While I am still skeptical of the current market rally, I admit that I am wrong short term.   The market is definitely going up in the near term.   There is a lot of optimism for a return to pre-Covid19 days.  Til proven otherwise, I am putting my selling on hold and riding the upward wave.

In particular, I will be watching Workhorse (WKHS), which we have owned since 2014.   It dropped as low as 46 cents in 2018 and had 2020 low of $1.37.  Last week it hit an all time intraday high of  $22.90.   Amazing and unbelievable.   I have open sell orders at $30, $50, $99, and $200.  LOL  If they execute, I will know irrational exuberance has taken over the market.

Full disclosure:  We own share of WKHS in our personal account.

For more on  New Beginnings, check back Sundays for a new segment.

This is not financial nor investment advice.

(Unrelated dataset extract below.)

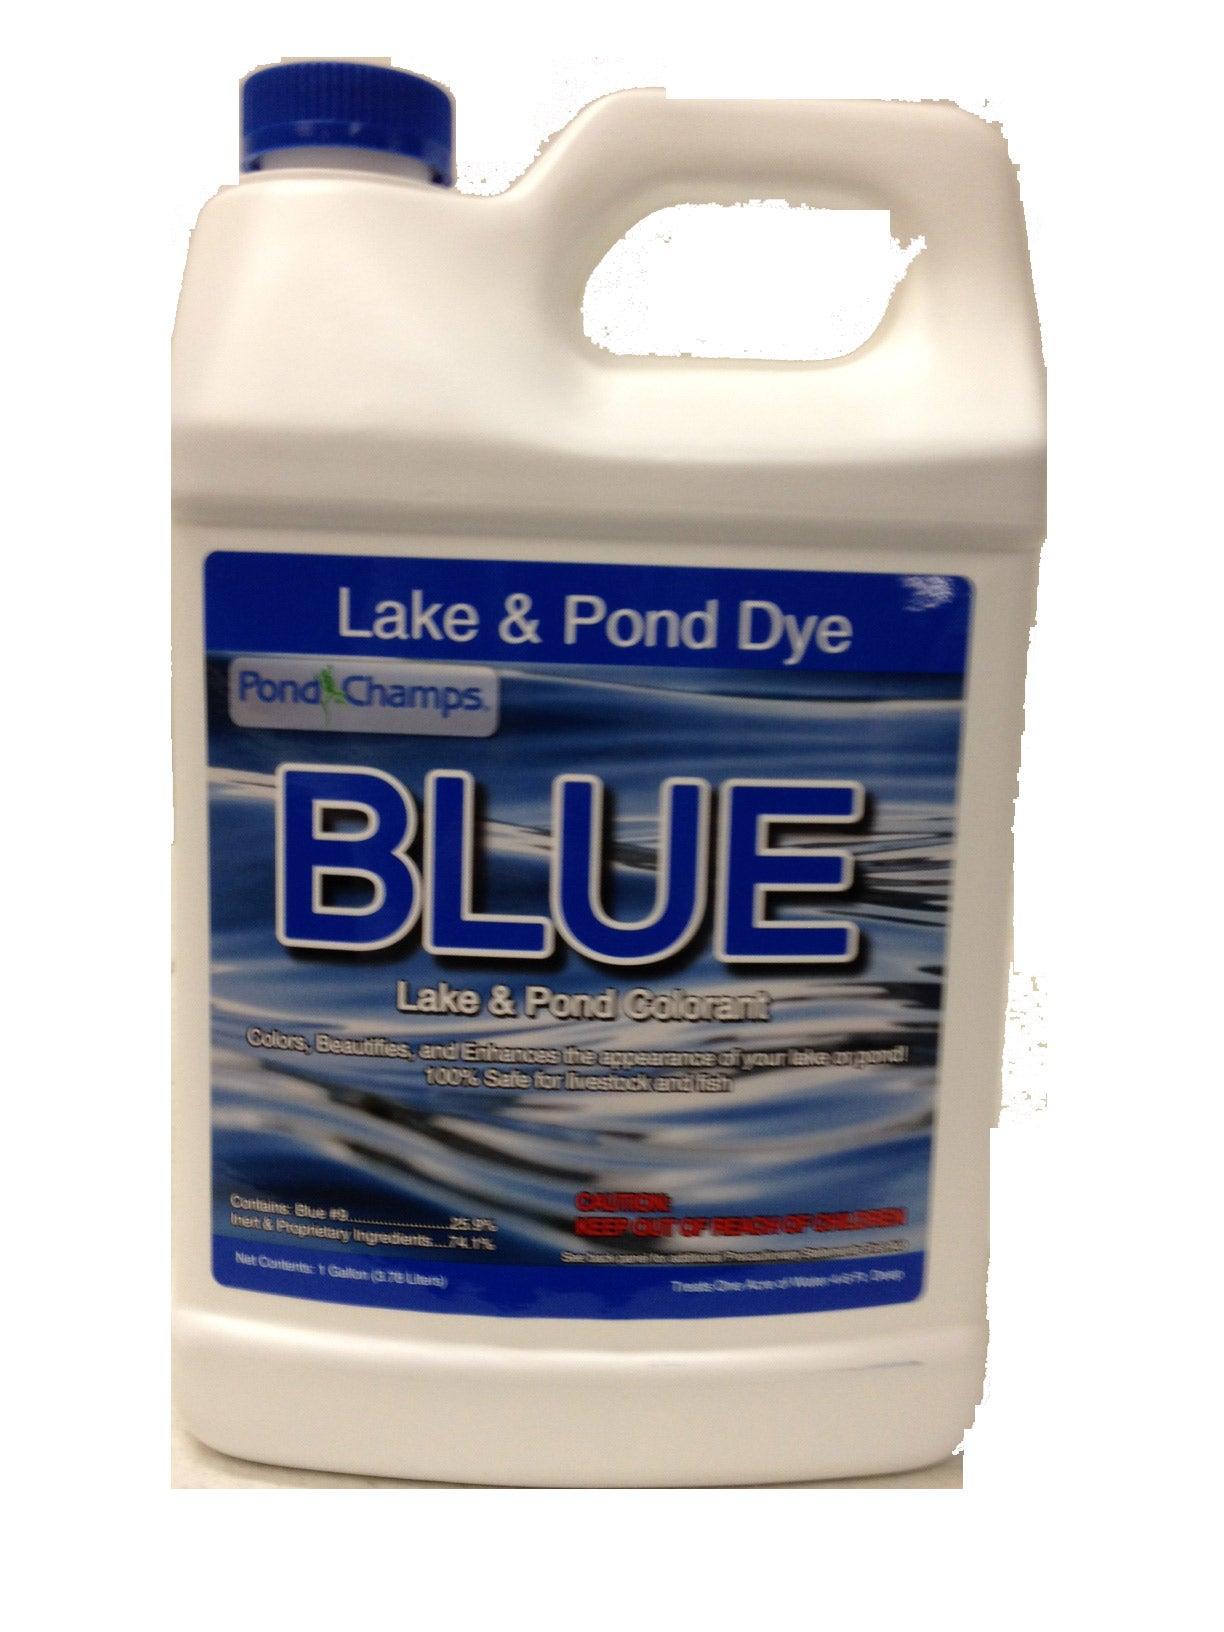 Pond champs blue pond dye colorant 1 gallon ebay for Blue pond dye

Please consult a professional advisor.

Copyright © 2020 Achievement Catalyst, LLC

Friday, July 03, 2020

An End and A Beginning

All my life, I've been working towards a financially sustainable retirement with a comfortable/conservative margin of safety.   I've been consistently frugal, living below our means, and maximizing savings through coupons, sales, deals and minimizing tax liabilities.  I've been a ruthless detailed numbers person, evaluating different options and scenarios, and sweating through the 08/09 recession and the 20 recessions while in retirement.

We're on track to achieve that margin of safety in this year on in 2021.  Barring a major financial disruption, I expect we can easily maintain our current lifestyle even with 3% inflation per year for the next 22 years.   Probably even for double that many years, but I haven't done the detailed analysis.    This includes putting 2 kids through college debt free in the next 15 years.  I can probably back off day to day managing/scrutiny of our retirement investments... unless there is a major event such as elimination of Social Security, high inflation, or a long term market crash.

Now that the financial part is mostly done, what's next?

Next is determining how we want to enjoy a financially sustainable retirement.   I want to give this some thought and discussion since we are shifting mindsets from how we got here, e.g frugal, living below our means, etc.  To me, I think we are more likely to run out of time than out of money.  So I want to answer a couple questions to start.  What do I want to spend (more) time on doing next?    How do we want to spend money to give us more time?    For me, that will be the beginning of a new chapter in our retirement journey.

For more on  Reaping the Rewards, check back  Fridays for a new segment.

This is not financial, retirement, investment nor life advice. Please consult a professional advisor.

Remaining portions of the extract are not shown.